• (disco)

    Nice.... Everyone knows what happens when you buttume...

  • (disco)

    I think there's some sort of order of operations issue here. Shouldn't it start with the file extension, check that the file extension matches the anticipated contents (and continue), or if it doesn't, then do some file-detection magic?

    Or, failing that, just move the priority of Fortran detection lower in the ladder (so that CSV is detected first). ... ... Oh! Oh! I get it! We can store our enable-disable settings in the config!

  • (disco) in reply to Tsaukpaetra
    Tsaukpaetra:
    Shouldn't it start with the file extension, check that the file extension matches the anticipated contents (and continue), or if it doesn't, then do some file-detection magic?
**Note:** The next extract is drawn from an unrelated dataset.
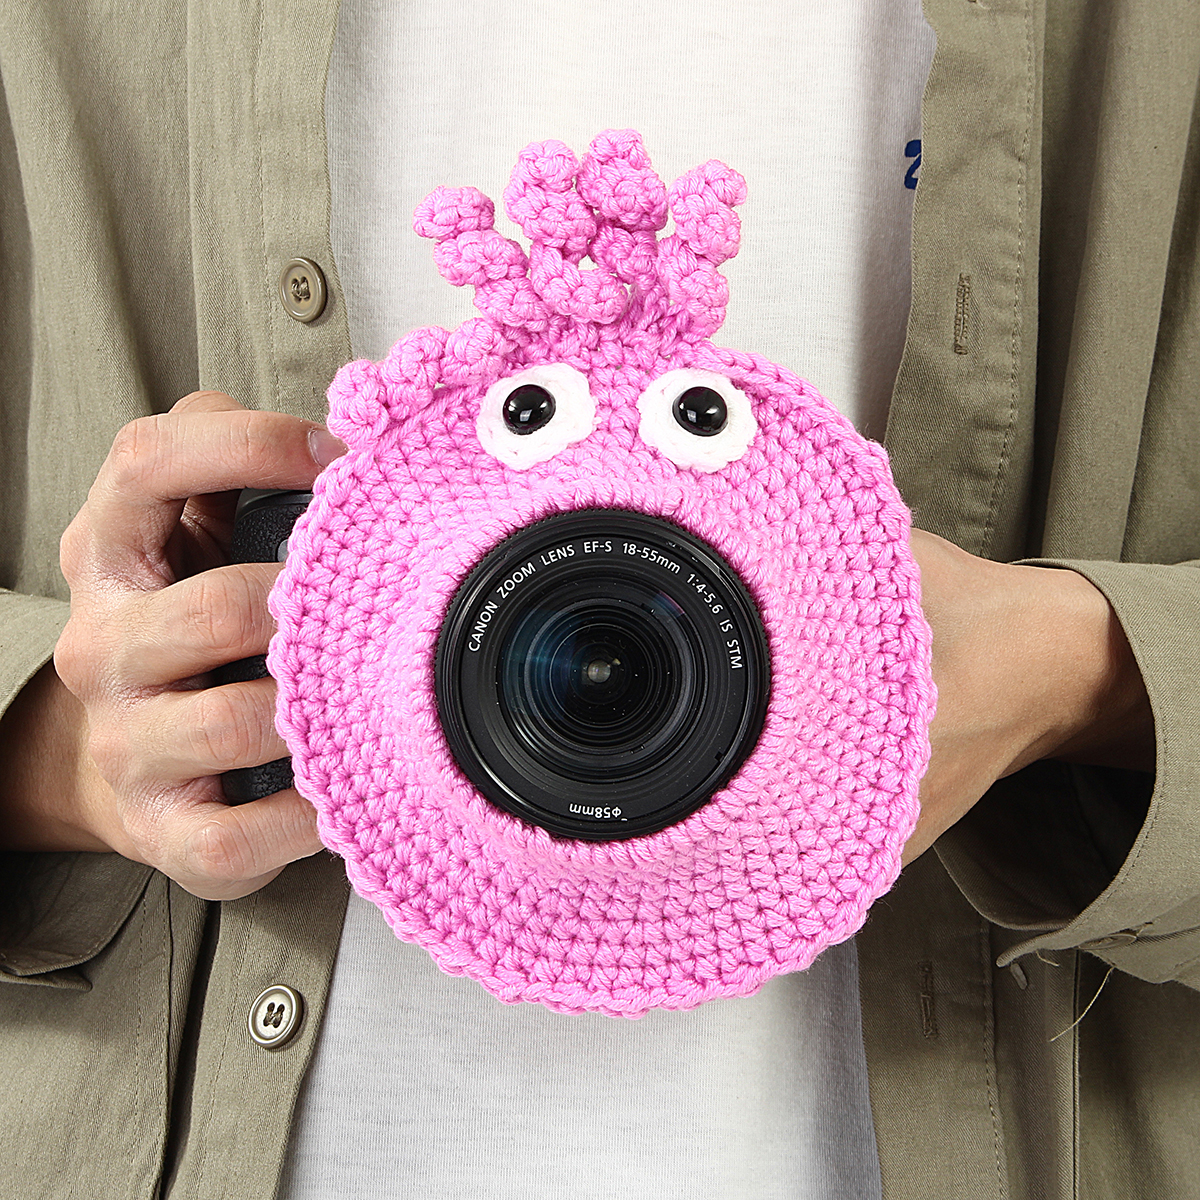 Hand-knitted-Wool-Decor-Case-For-Camera-Lens-Decorative-Photo-Guide-Doll-Toys-For-Kids-1457648-4

    But if you do that, my fortan files that I have the .csv file extension on (for "C-like by SteVen") won't work :(

  • (disco) in reply to sloosecannon

    Proposed solution: Name them .SVC, for Steven's C.

  • (disco) in reply to Tsaukpaetra

    But that conflicts with "Steven's Visual C" :P

  • (disco) in reply to sloosecannon

    Proposed solution: Name them .VCS, for Visual-C by Steven

  • (disco) in reply to Tsaukpaetra

    But that clashes with the files for my "Video Control System"

  • (disco) in reply to PleegWat

    Proposed solution: Name them .CVS, for Control for Video System. :P ;P

    C'mon guys, there's only so many combinations of these three letters I can do....

  • (disco) in reply to Tsaukpaetra
    Tsaukpaetra:
    Proposed solution: Name them .CVS, for Control for Video System.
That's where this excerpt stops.